Sentença: a juíza de direito Liene Francisco Guedes julgou procedente a denúncia para condenar Clecio Gomes pela prática do crime previsto no art. 302, caput, da Lei 9.503/1997, ao cumprimento de pena privativa de liberdade de 2 (dois) anos de detenção, em regime inicial aberto, substituída por duas restritivas de direitos, consistentes na: a) prestação de serviços à comunidade ou a entidades públicas, a ser definida pelo Juízo da Execução, pelo período de 2 (dois) anos; e b) prestação pecuniária no valor de 1 (um) salário mínimo vigente à época dos fatos; e ao pagamento de 10 (dez) dias-multa, no valor unitário de 1/30 (um trigésimo) do salário mínimo vigente à época dos fatos, além da suspensão do direito de dirigir pelo período de 2 (dois) meses, concedendo-lhe o direito de recorrer em liberdade (evento 98).

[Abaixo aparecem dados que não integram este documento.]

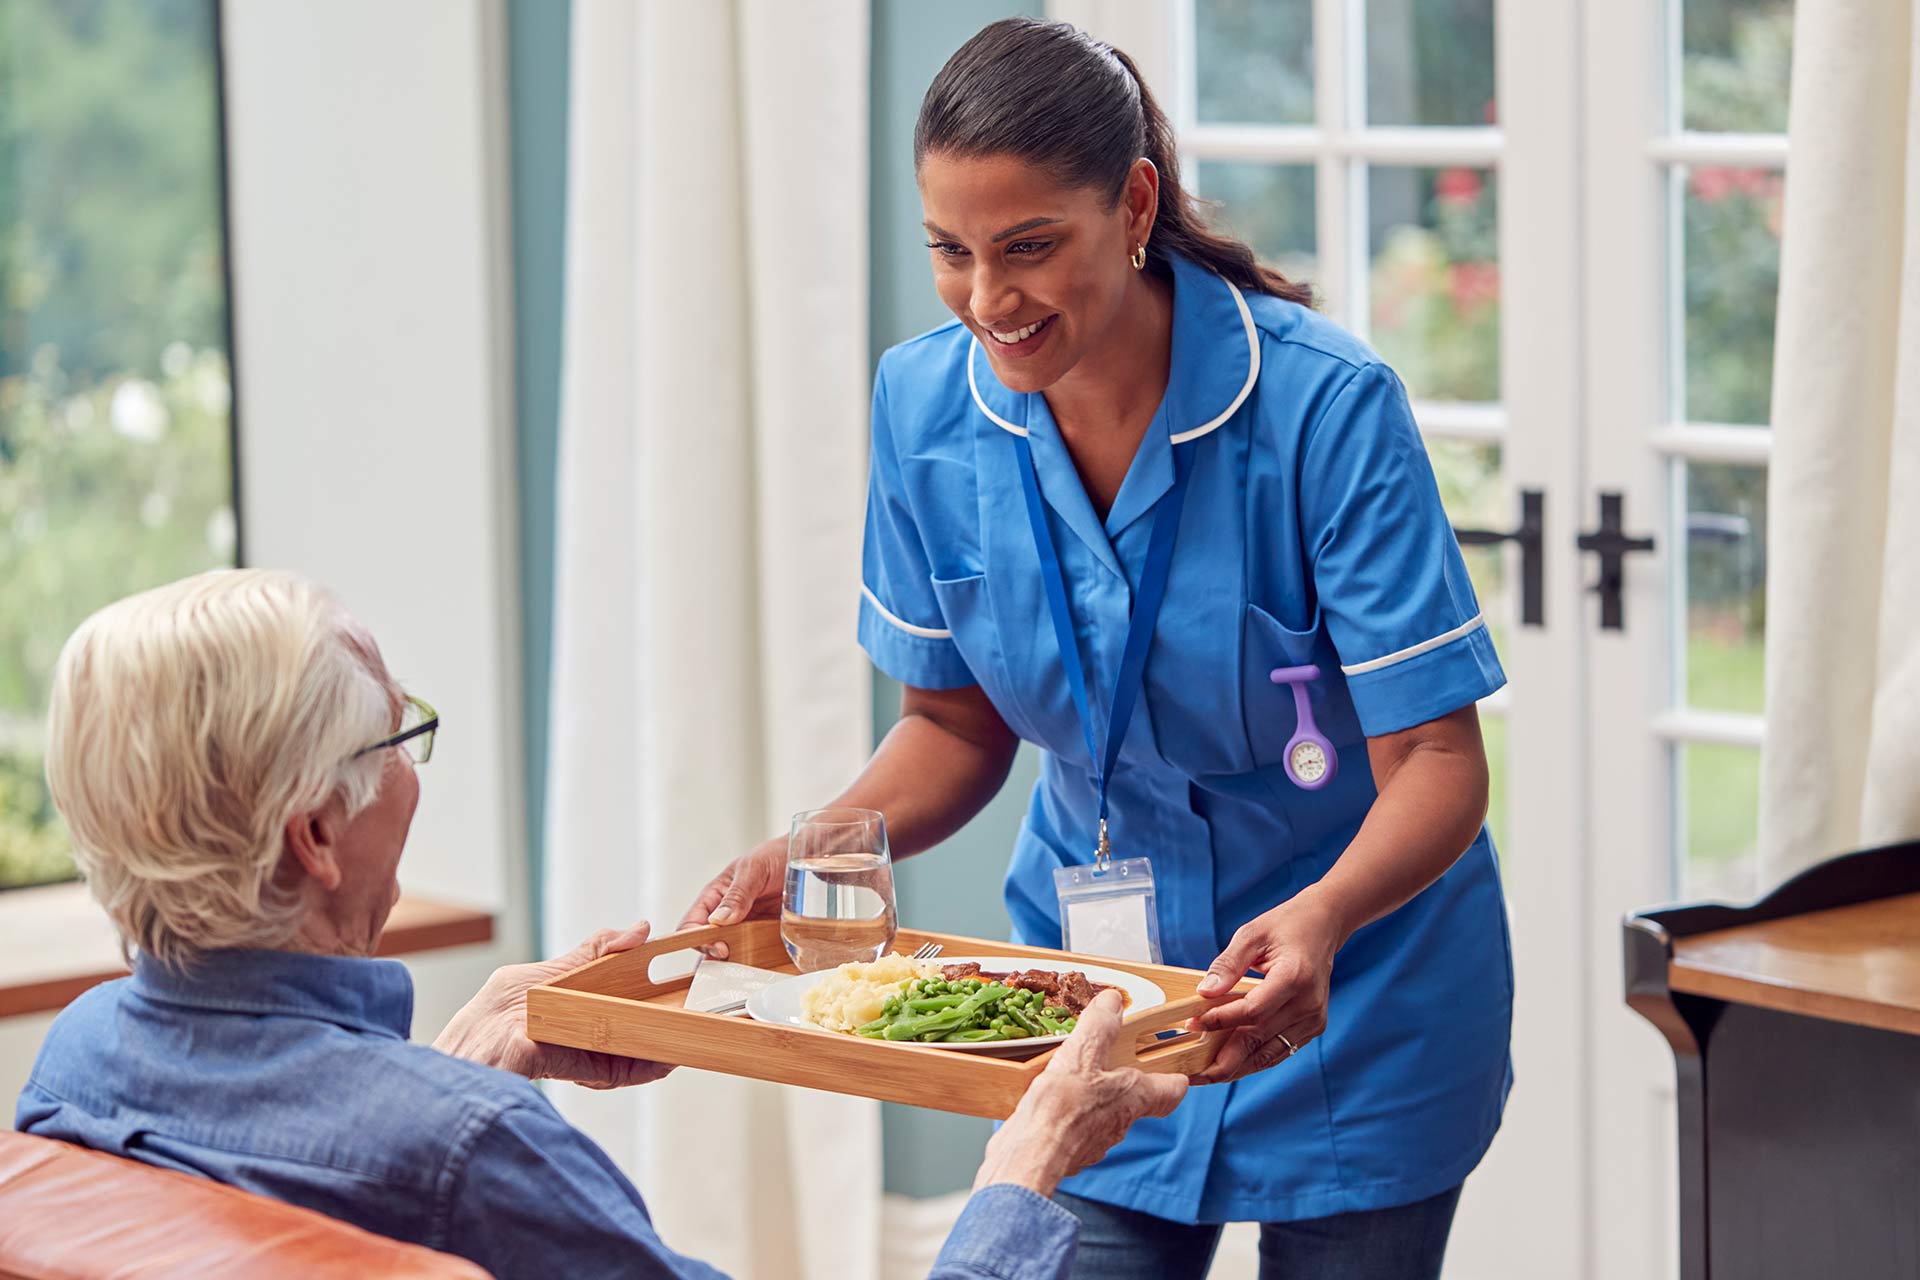 female-care-worker-in-uniform-bringing-meal-on-tra-2022-04-04-21-27-31-utc.jpg

Trânsito em julgado: muito embora não certificado pelo Juízo a quo, verifica-se que a sentença transitou em julgado para o Ministério Público.
Recurso de apelação de Clecio Gomes: a defesa interpôs recurso de apelação, no qual sustentou que:
a) as provas reunidas nos autos não são suficientes para demonstrar a culpa do apelante, tendo sido o abalroamento provocado exclusivamente pela conduta da vítima;
b) a opção pela sanção substitutiva menos favorável se deu sem fundamentação concreta, devendo ser reformada a sentença para substituir a pena privativa de liberdade por uma restritiva de direito e multa, e não duas restritivas de direitos.
Requereu o conhecimento e provimento do recurso para reformar a sentença, de modo a absolvê-lo da conduta narrada na denúncia e, subsidiariamente, substituir a reprimenda por uma restritiva de direitos e multa (evento 106).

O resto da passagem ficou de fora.